When dealing with periodic functions, $y(t)$, it is often very useful to expand them as a Fourier series in terms of an infinite sum of sines and cosines:

\begin{equation}
y(t) = \frac{1}{2}a_0 + \sum_{n=1}^{\infty} a_n \sin(n\,t) + \sum_{n=1}^{\infty} b_n \cos(n\,t).
\end{equation}

Sines and cosines are used due to their orthogonality. We can further extend this idea to any continous function, including non-periodic ones, through the *inverse Fourier transform* of $y(t)$:

\begin{equation}
y(t) = \frac{1}{2\pi} \int_{-\infty}^{\infty} d\omega \, \hat{y}(\omega) \,\mathrm{e}^{i \omega t}.
\end{equation}

The complex exponential function provides both the sine and cosine terms, recall Euler's formula $e^{ix}=\cos(x)+i\sin(x)$. The expansion amplitude $\hat{y}(\omega)$ is analogous to the coefficients ($a_n,b_n$) in the Fourier series, and is obtained through the (forward) *Fourier transform*:

\begin{equation}
\hat{y}(\omega) = \int_{-\infty}^{\infty} dt \, y(t) \, \mathrm{e}^{-i \omega t}.
\end{equation}

What do we do when we have discrete data sets?

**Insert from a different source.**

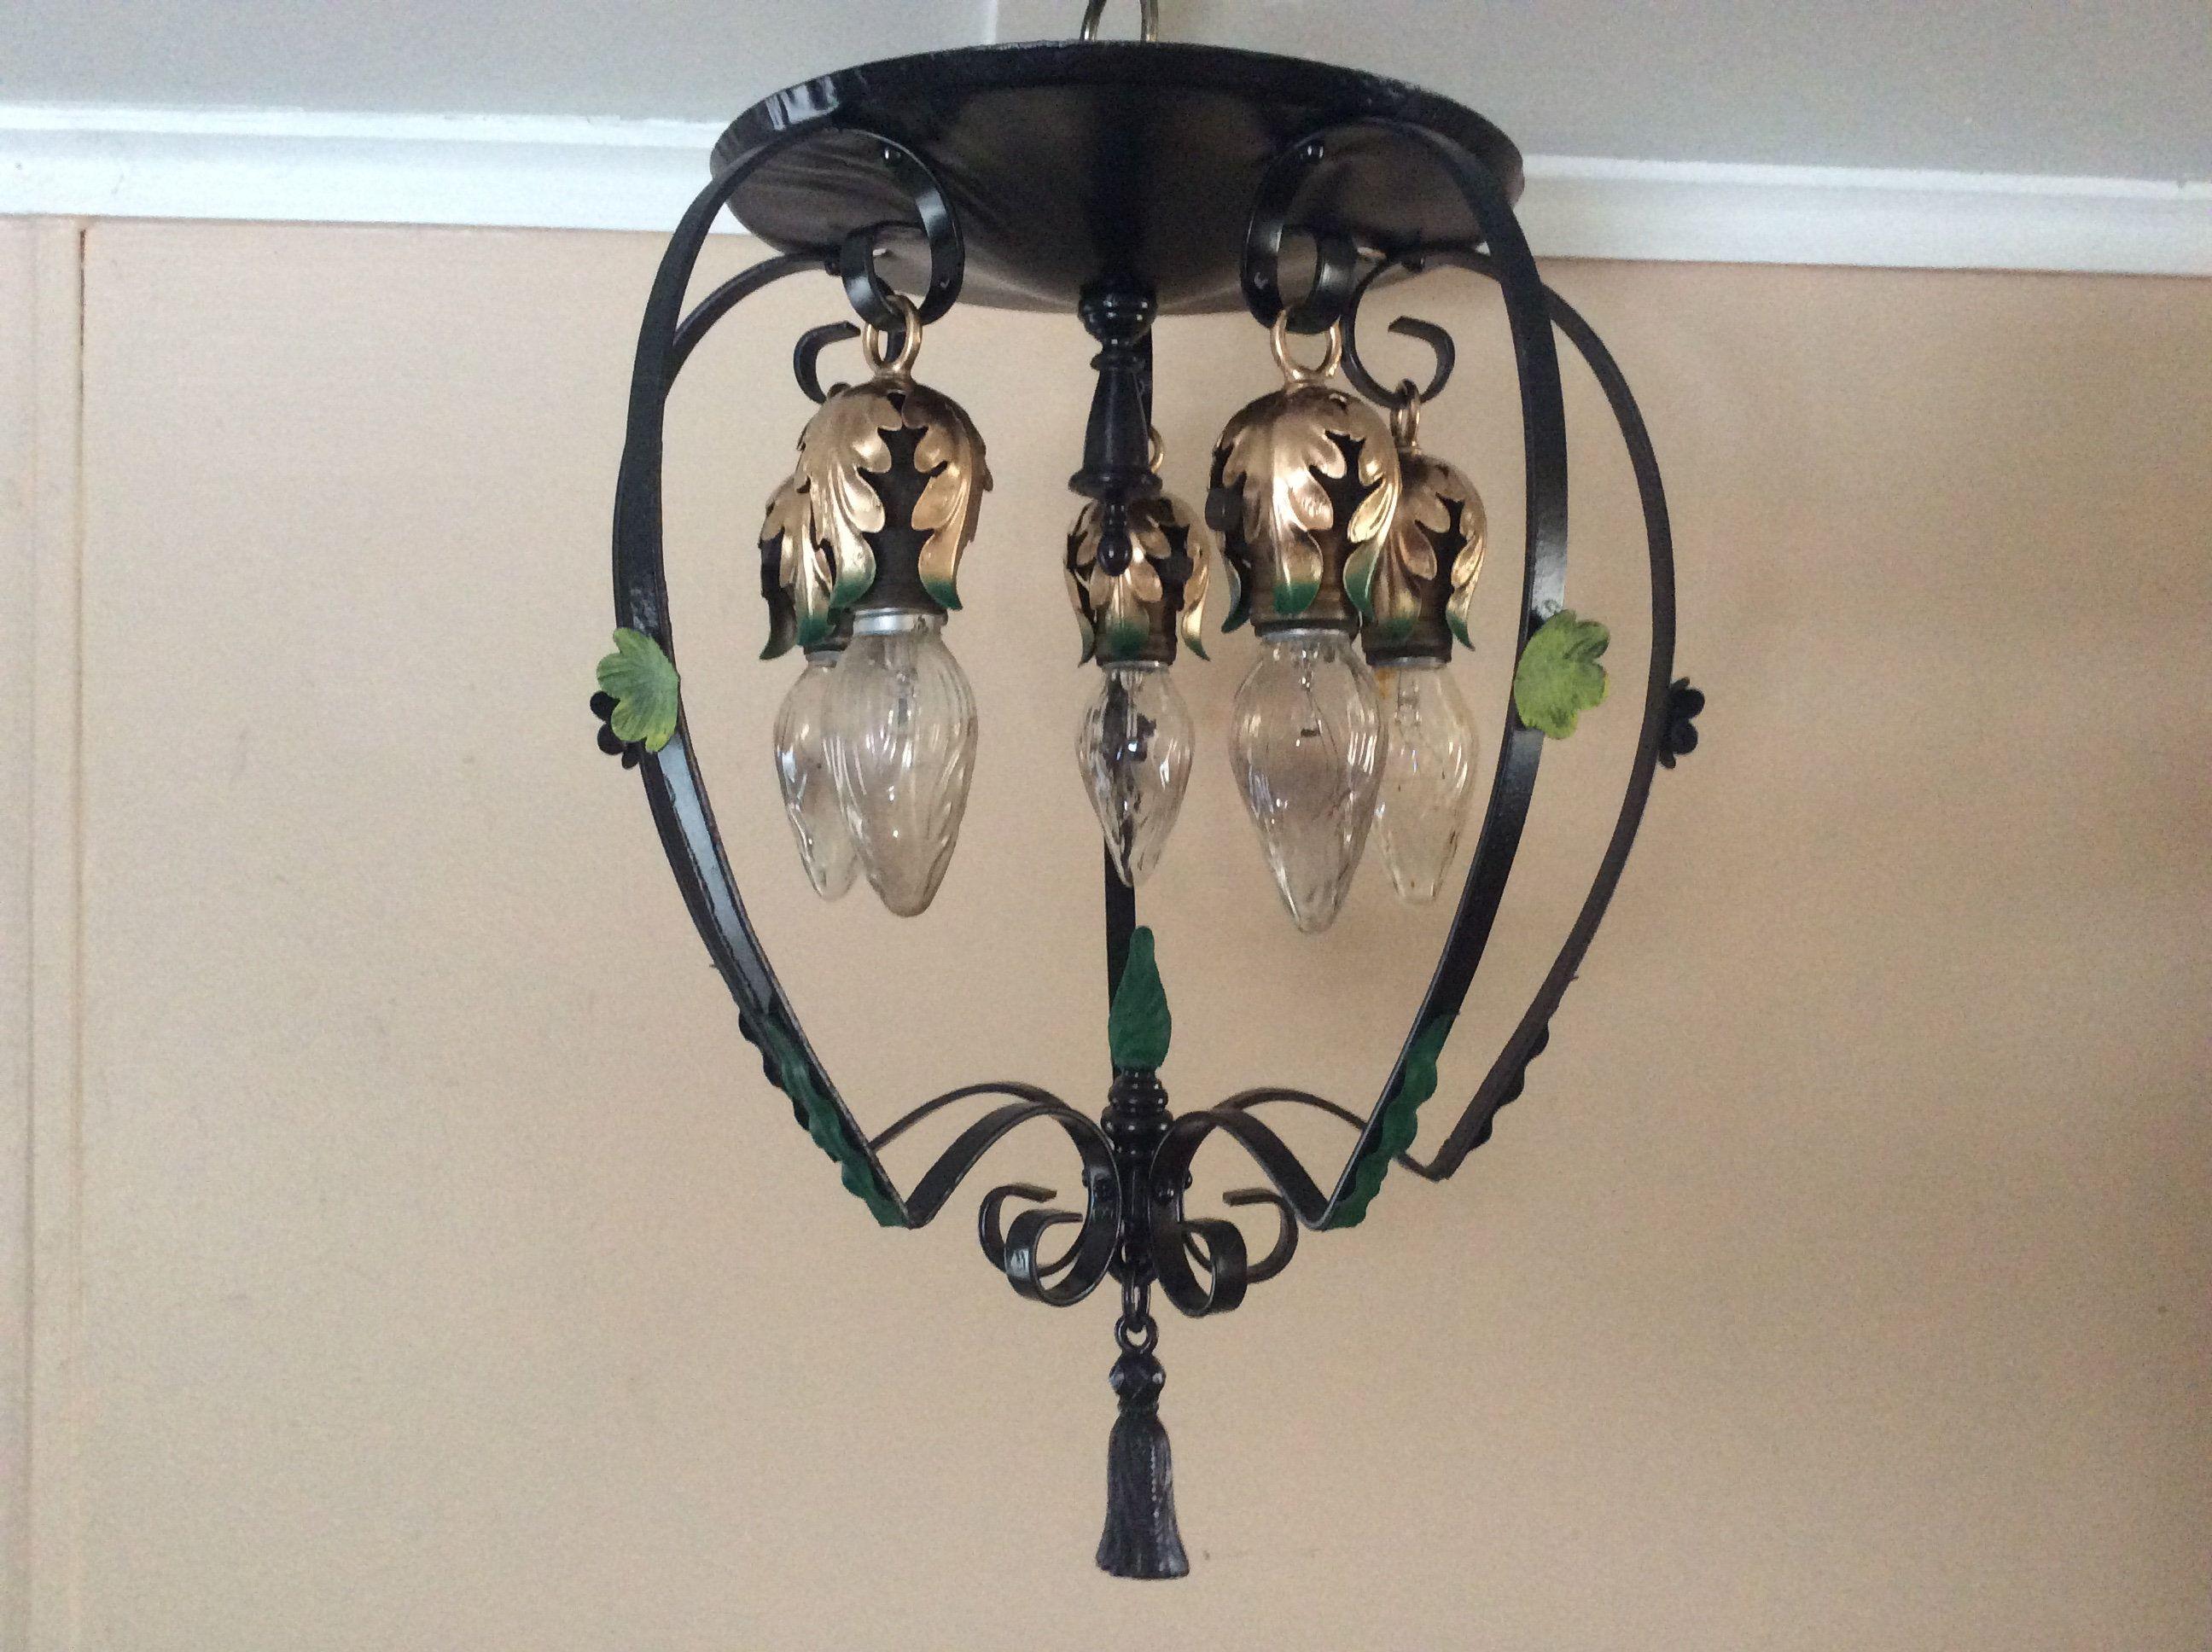 spanish revival lighting. Antique Large Ceiling Light Fixture Wrought Iron 1940s Spanish Revival Lighting S

### Discrete Fourier Transform

Consider a vector of $N$ data points $\vec{y} = (y_0,\ldots,y_{N-1})$.  This will often be a *time series*, the value of a function over a long period of time.  We assume that the measurements $y_j$ are made at equally spaced intervals where $t_j = j \Delta t$ with $j \in \mathbb{Z}$. 

In order to search for any repeating patterns in $\vec{y}$ we can represent construct a continuous represenation $y(t)$ using the *Dirac comb*:

\begin{equation}
y(t) = \sum_{j}^{N-1} y_j \delta(t - j\Delta t)
\end{equation}

then using our definition for the continuous Fourier transform:

\begin{align}
\hat{y}(\omega) &= \int_{-\infty}^{\infty} dt y(t) \mathrm{e}^{-i \omega j\Delta t} \newline
&= \sum_{j=0}^{N-1} y_j \mathrm{e}^{-i \omega t} .
\end{align}

However, unlike the continous case, our signal has a finite range, $T$.  We can extend it by enforcing that $y(t+T) = y(t)$, i.e. we have a time-translational symmetry by $T$. This implies $y_j = y_{j+N}$ and

\begin{align}
\sum_{j=0}^{N-1} y_j \mathrm{e}^{-i \omega j \Delta t}  &= \sum_{j=0}^{N-1} y_{j+N} \mathrm{e}^{-i \omega (j+N)\Delta t} \newline
&= \sum_{j=0}^{N-1} y_{j} \mathrm{e}^{-i \omega j\Delta t} \mathrm{e}^{-i \omega T}
\end{align}

which is only possible if:

\begin{equation}
\mathrm{e}^{-i \omega T} = 1 \Leftrightarrow \omega = \omega_k =  \frac{2\pi}{N\Delta t} k \text{ where } k \in \mathbb{Z}.
\end{equation}

1. The smallest non-zero frequency is: $$\omega_1 = \frac{2\pi}{N\Delta t}.$$  We need lots of data at long times to investigate small frequencies.
2. The largest frequency we can study is $$\omega_{N-1} = \frac{2\pi(N-1)}{N\Delta t} \approx \frac{2\pi}{\Delta t}.$$  To study high frequency behavior we need a small time step $\Delta t \ll 1$.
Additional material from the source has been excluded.